I wonder what nudges, reprimands or penalties Amazon will invoke when they get the pattern. What proportion of readers really are like me and don’t buy the book?   Will Amazon to redesign my process or make me see it from a different perspective because I stop their purchasing a few pages in?  I see Amazon’s Alexa now has Hunches, will she/he sense my preference for library borrowing and urge me to buy the book instead or will Alexa be biased in favour of libraries?

Enough on Alexa and Amazon. The books I haven’t bought during 2018 are a mixed bunch:

  1. Happiness Quantified: A Satisfaction Calculus Approach, Bernard van Praag and Ada Ferrer-i-Carbonell.
  2. The Happiness Advantage: The Seven Principles of Positive Psychology that Fuel Success and Performance at Work, Shawn Achor
  3. Dynamic Capabilities and Strategic Management: Organizing For Innovation And Growth, David Teece
  4. The Big Leap: Conquer Your Hidden Fear and Take Life to the Next Level, Gay Hendricks
  5. The Tyranny of Metrics, Jerry Z Muller
  6. Agile IT Organization Design: For Digital Transformation and Continuous Delivery,  Sriram Narayan
  7. Emotions, Learning, and the Brain: Exploring the Educational Implications of Affective Neuroscience,  Mary Helen Immordino-yang
  8. Deviate: the science of seeing differently, Beau Lotto
  9. Grit: The Power of Passion and Perseverance, Angela Duckworth,
  10. Small Arcs of Larger Circles: framing through other patterns, Nora Bateson
  11. Simple Complexity: a clear guide to complexity thinking, Neil Johnson
  12. Notes on a nervous planet, Matt Haig
  13. GDP: a brief but affectionate history, Diane Coyle
  14. Twitter and Tear Gas: the power and fragility of networked protest,  Zeynep Tufekci
  15. Networks of Outrage and Hope: social movements in the internet age, Manuel Castells
  16. Doughnut Economics: seven ways to think like a 21st century economist, Kate Raworth,
  17. Miniature Guide to Critical Thinking, Concepts, and Tools,  Richard Paul
  18. Metaphors in Mind: transformations through symbolic modelling,  James Lawley
  19. Moral Courage, Rushworth Kidder
  20. Bullshit jobs, David Graeber

Applying my human sense-making to the list and attempting to see a pattern in it, reveals that through the year I was looking at four categories:  employee experience (1, 2, 20), designing systems (3, 6, 10, 11, 18), operational context (5, 12, 13, 14, 15, 16)  and brain stuff (7, 8, 4, 9, 17, 19).

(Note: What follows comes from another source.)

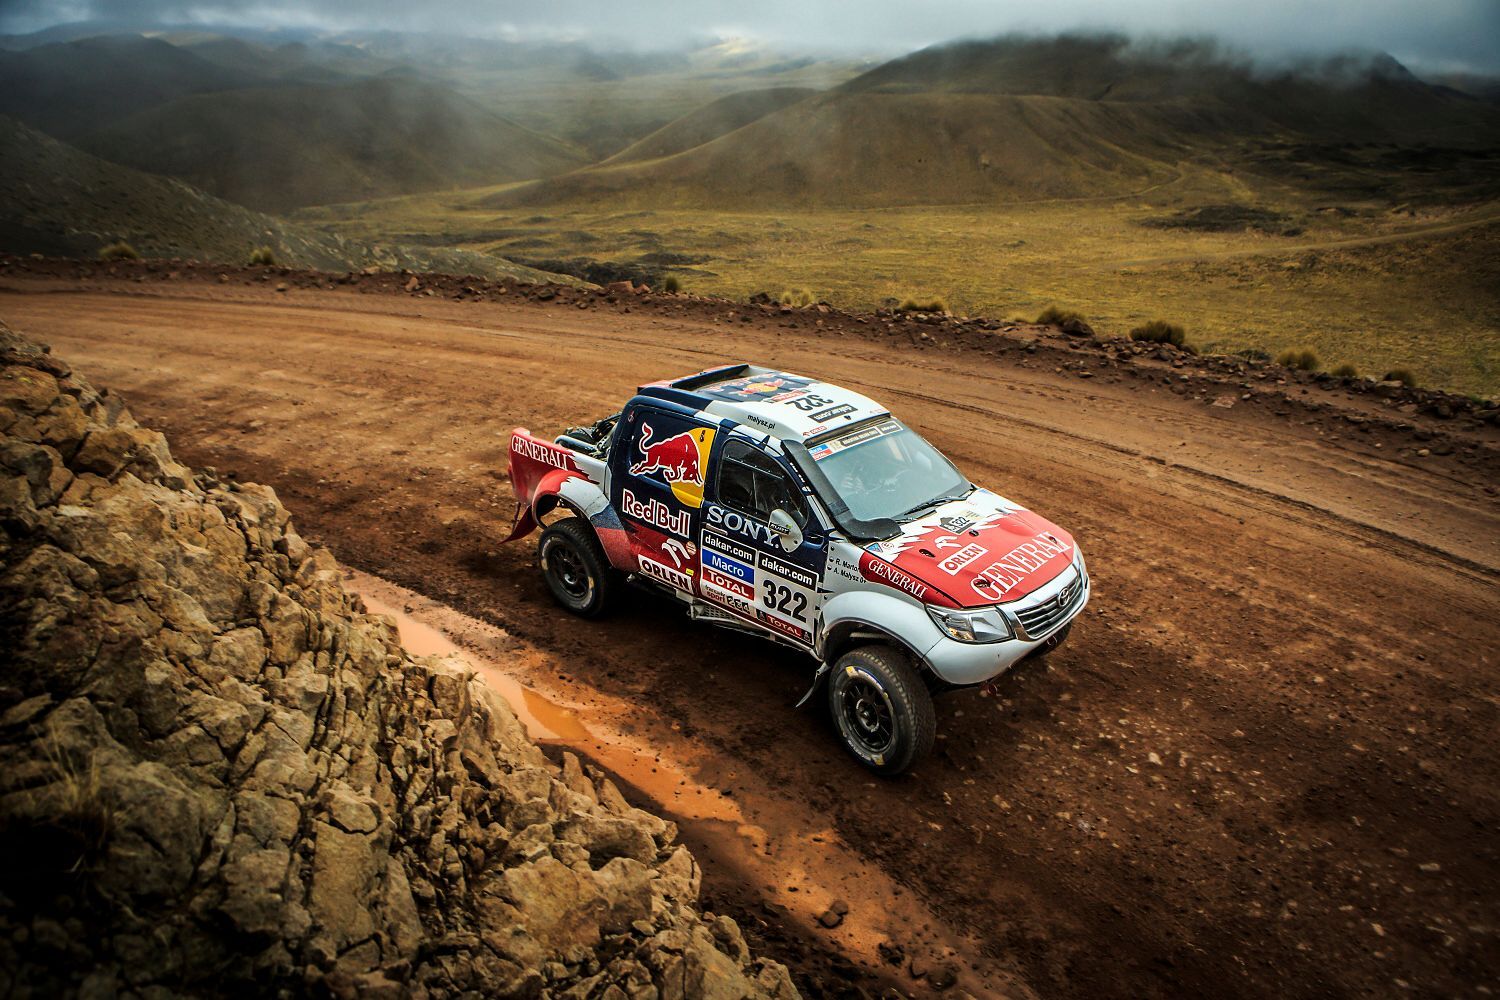 Dakar 2014: Adam Malysz, Toyota

The list reflects the way I work with organisation design.  I do think it’s about designing structures, roles, processes and systems that yield a positive employee experience.  In doing that we have to be alert to the constantly changing environment (internal and external) and take thoughtful, often courageous action.

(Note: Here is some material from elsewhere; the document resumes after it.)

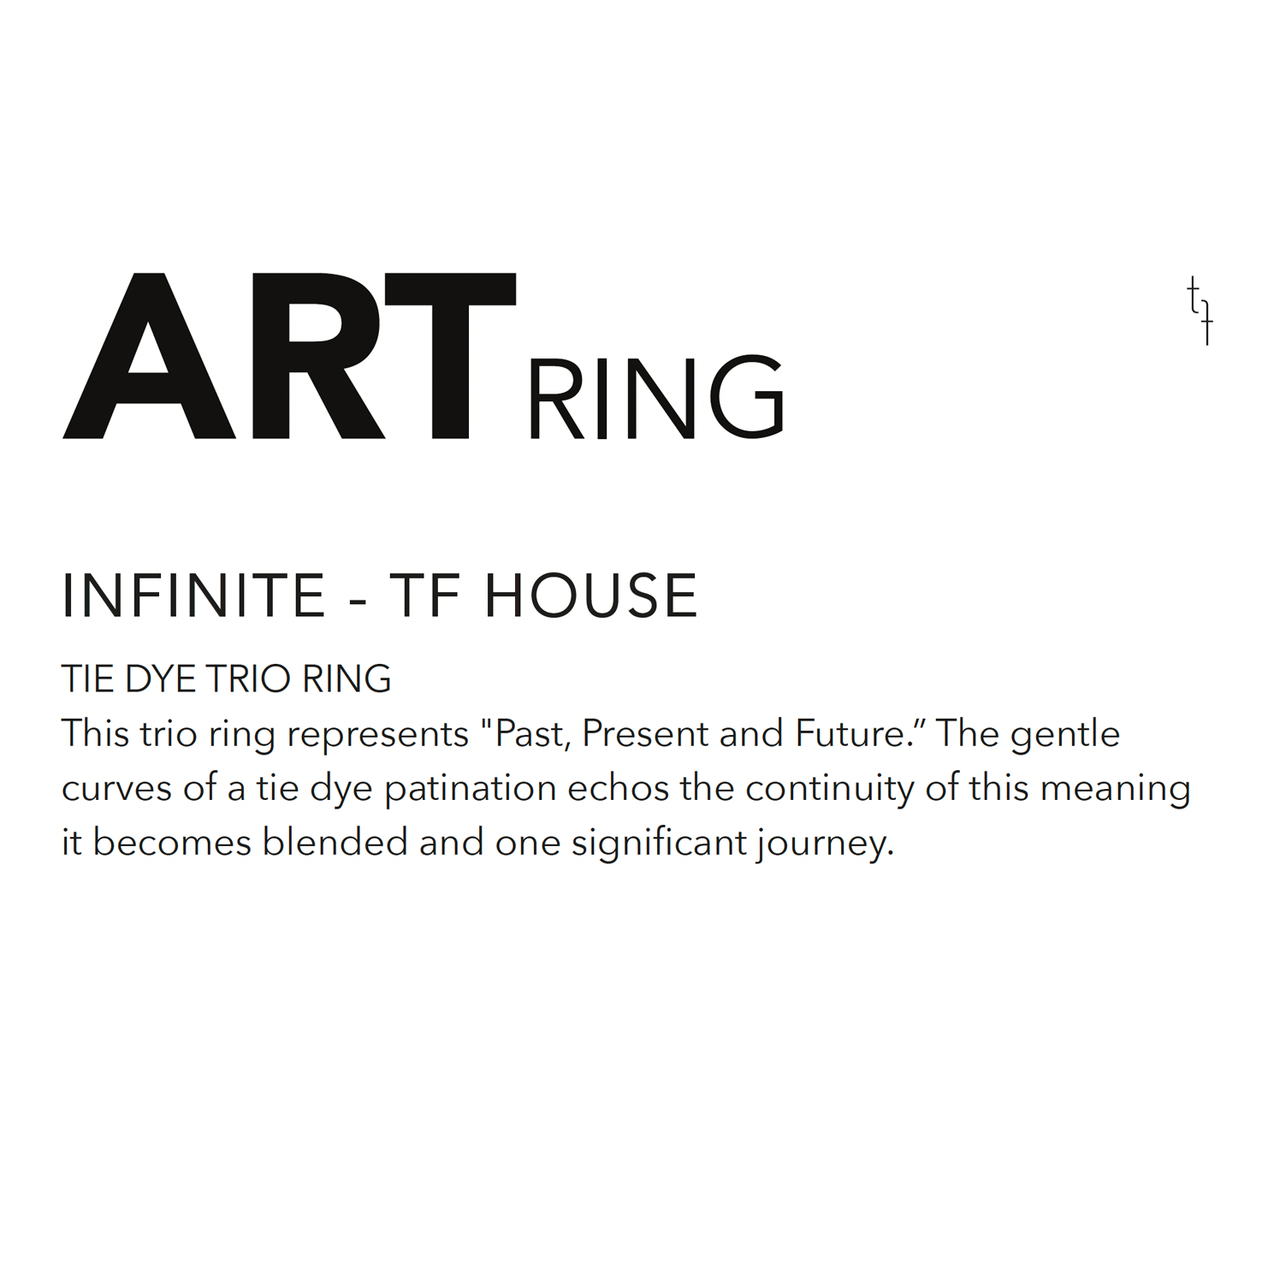 Tie Dye Trio Art Ring, tf House - Infinite, tomfoolery London, Art Ring 2023 exhibition

In each of the categories I find that, even if I have not either bought or borrowed the book, I have taken info from the sample chapter and used it in my work – an example from each category:

Employee Experience CategoryBullshit Jobs,  which discusses the ‘possibility that our society is riddled with useless jobs that no one wants to talk about’, because as he observes, ‘Everyone is familiar with those sort of jobs that don’t seem to the outsider, to really do much of anything’.  It did good service in alerting me to be more rigorous and critical in my work on job design.

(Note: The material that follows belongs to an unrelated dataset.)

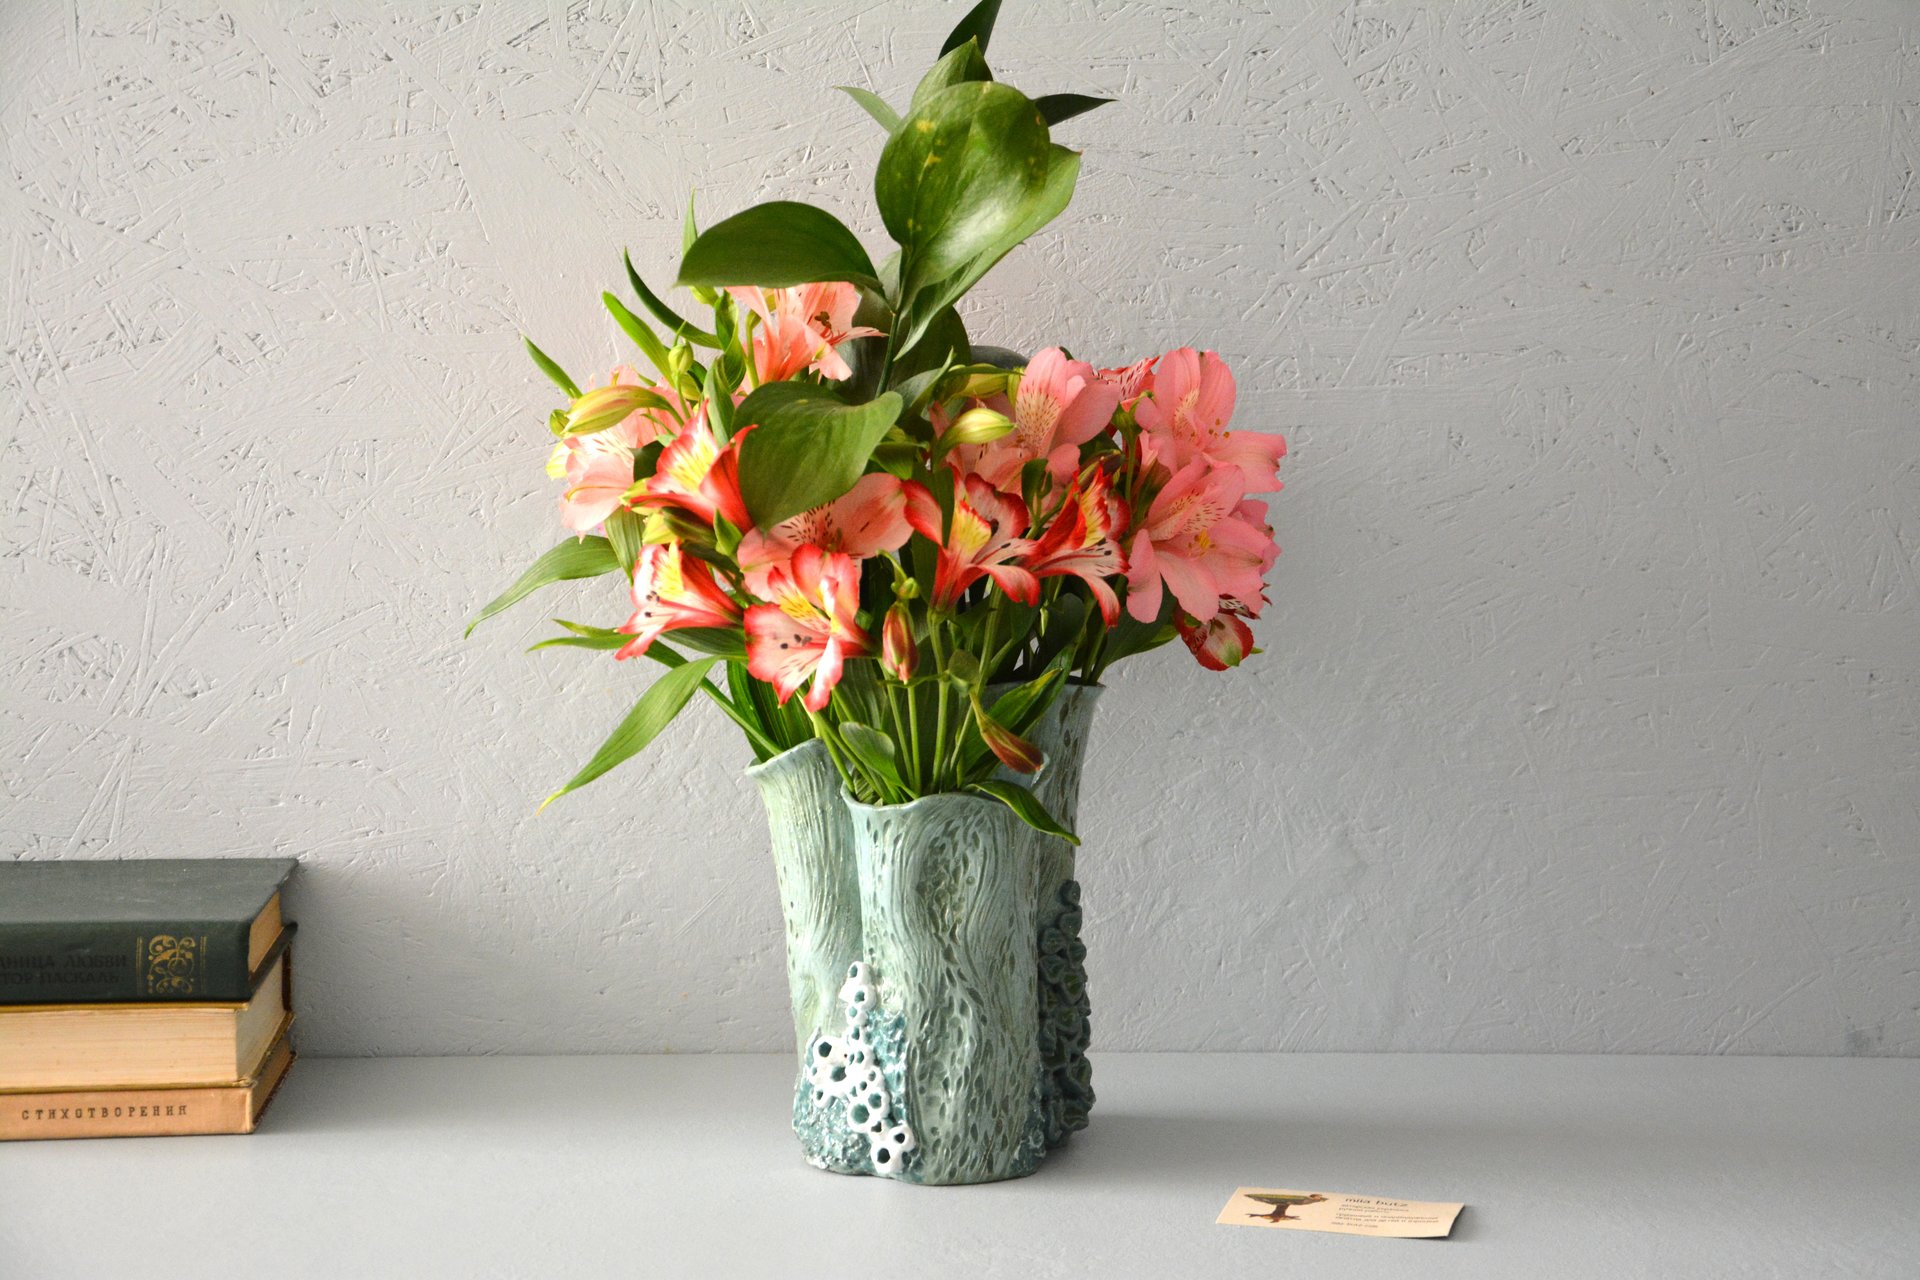 Decorative ceramic flower vase — Coral, height - 19 cm, photo 3 of 5. 1044.

Designing systems categorySimple Complexity – The writing style of the author irritated me so I looked for other sources of info and was recommended David Snowden’s 3-minute video How to Organise a Children’s Party which explains simply and brilliantly.  I’ve now shown the video many times in workshops.

Operational context categoryThe Tyranny of Metrics – not only did I borrow the book, from the library, and read it all, I also wrote a blog on it

Brain stuff categoryMiniature Guide to Critical Thinking, Concepts, and Tools – I wrote a blog on this too and I’m also now using the tools, frameworks, and info available on the Critical Thinking Foundation website – so well worth the download.

Have you read all or part of any of the books I downloaded sample chapters of?  If so, what did you learn from them?  Let me know.